Я никогда не понимал, почему в западных штатах Америки считается непреложной истиной, что рыжий пес — все равно что бесстыжий, почему рыжая масть означает предел собачьей безнравственности и бездарности и позорит не только собаку, но и ее владельца. Но так уж повелось — и мы, обитатели Змеиной горы, тоже нимало в этом не сомневались. Трудней было установить, кто же хозяин рыжей собаки; пес, о котором я хочу рассказать, питал совершенно одинаковые чувства ко всем жителям нашего поселка, и никто не решался предъявить на него исключительные права; а после всякого собачьего прегрешения все и каждый с неприличной поспешностью от этого пса отрекались.
— Лопни мои глаза, он уже месяц к нашей хибаре и не подступался! — говорил кто‑нибудь.
— В последний раз он выходил из твоих дверей, я сам видел! — возражал другой.
Из этого явствует, что обитатели Змеиной горы вовсе не желали отвечать за эту рыжую скотину. А между тем пес был незаурядный и притом далеко не урод; любопытно, что даже самые суровые его критики наперебой рассказывали о его смекалке, проницательности и ловкости, коим они были свидетелями.

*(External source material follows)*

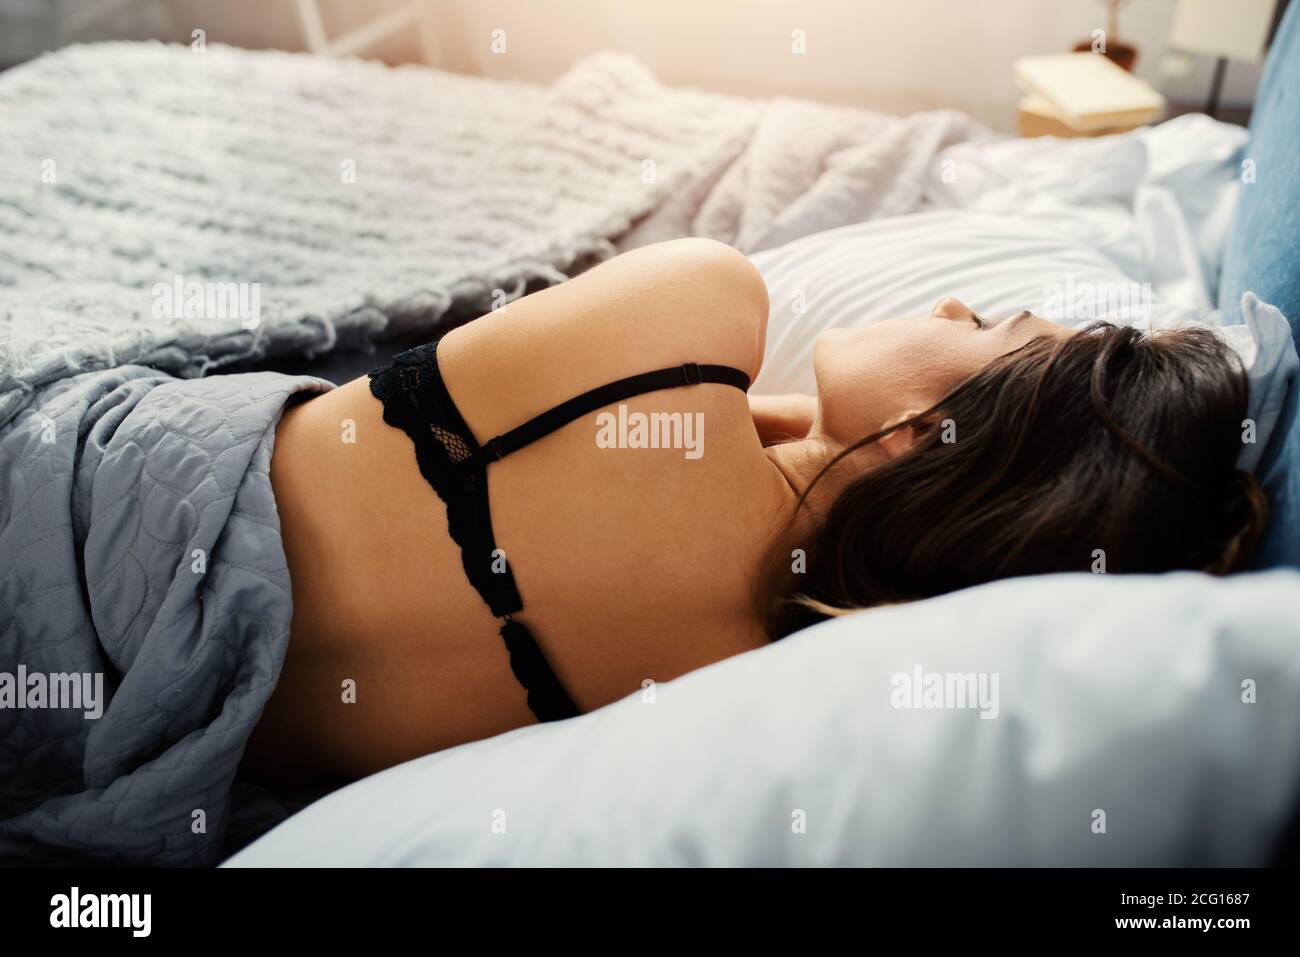 Girl sleeps in a cozy bed during the night. Concept of relax and rest. Stock Photo

Однажды в Медвежьем каньоне видели, как он прошел по узкой дощечке над головокружительной пропастью. У Южной развилки он свалился с тысячефутовой высоты по скату для спуска бревен — и его нашли внизу, на берегу реки, «без единой царапинки, разве только если сам себя покарябал, когда чесался». Его забыли в метель на горном уступе Сьерры, когда начались заносы, а ранней весной он явился в поселок, важный и снисходительный, как турист, переваливший через Альпы, и необычайно раздобревший — причем кормиться он мог, как полагали, одними лишь погребенными под снегом мешками с почтой. Все были убеждены, что он читает вывешенные перед выборами плакаты и потому успевает удрать из поселка дня за два до того, как к нам пожалуют кандидаты и ненавистный ему духовой оркестр. Поговаривали, что однажды, когда шла игра в покер, он запустил глаз в карты полковника Джонсона и, пролаяв сколько надо, предостерег его противника, что торговаться нельзя: на руках у Джонсона четыре короля.

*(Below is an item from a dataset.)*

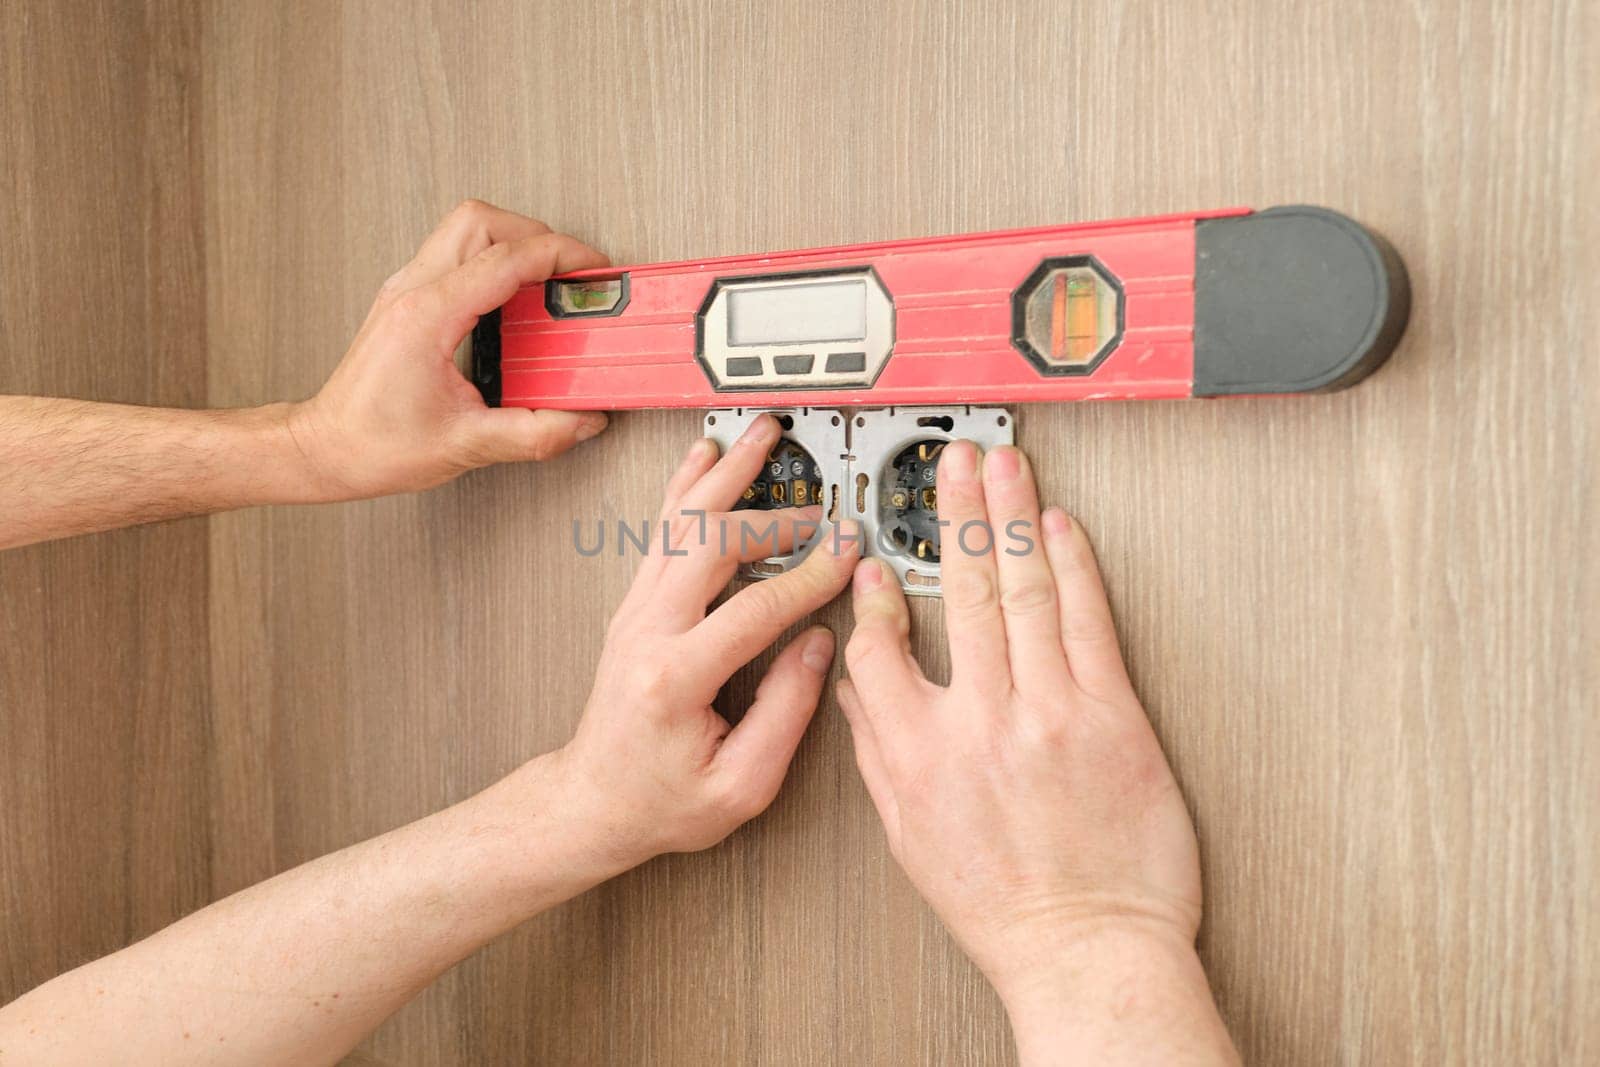 Repair and installation of furniture, hands of electrician worker installing electrical outlet in furniture using screwdriver and level

Рассказы эти были не слишком достоверны, свидетельскими показаниями не подтверждались, и — такова уж слабость человеческой натуры — в ответе за них оказался сам пес: его‑то и стали считать отъявленным лжецом.
— Повадился совать нос в чужие карты да еще говоришь: я, мол, в покере мастак! Пшел отсюда, рыжий шулер! —кричали картежники, завидев злополучного пса.
— Другого такого мошенника свет не видал! — говорили про него.
— И ведь прикидывается, будто он вовсе и не в карты уставился, что твой удав, а вон на ту сойку, — мол, спустись, пожалуйста, наземь, я тебя слопаю. Экая двуличная скотина!
Как я уже говорил, он был рыжий — и стоило послушать, с каким презрением, с какой подчеркнутой брезгливостью у нас произносилось это само по себе вовсе не бранное слово!
А он был поистине рыж! Искупавшись — чаще всего поневоле, — он становился просто огненным; по спине, начинаясь между ушей и кончаясь вместе с обрубком хвоста, бежала ярко–оранжевая полоса; на боках шерсть постепенно светлела, становилась золотистой, соломенной Грудь и ноги были белые—если только не делались красно–бурыми от прогулок по помойкам, до которых он был весьма охоч. Лавочник не раз пытался изукрасить его лиловыми узорами, но тщетно: рыжий пес необычайно ловко увертывался от склянки с чернилами либо, прежде чем они успевали высохнуть на его шкуре, вытирал ее о наши штаны и одеяла.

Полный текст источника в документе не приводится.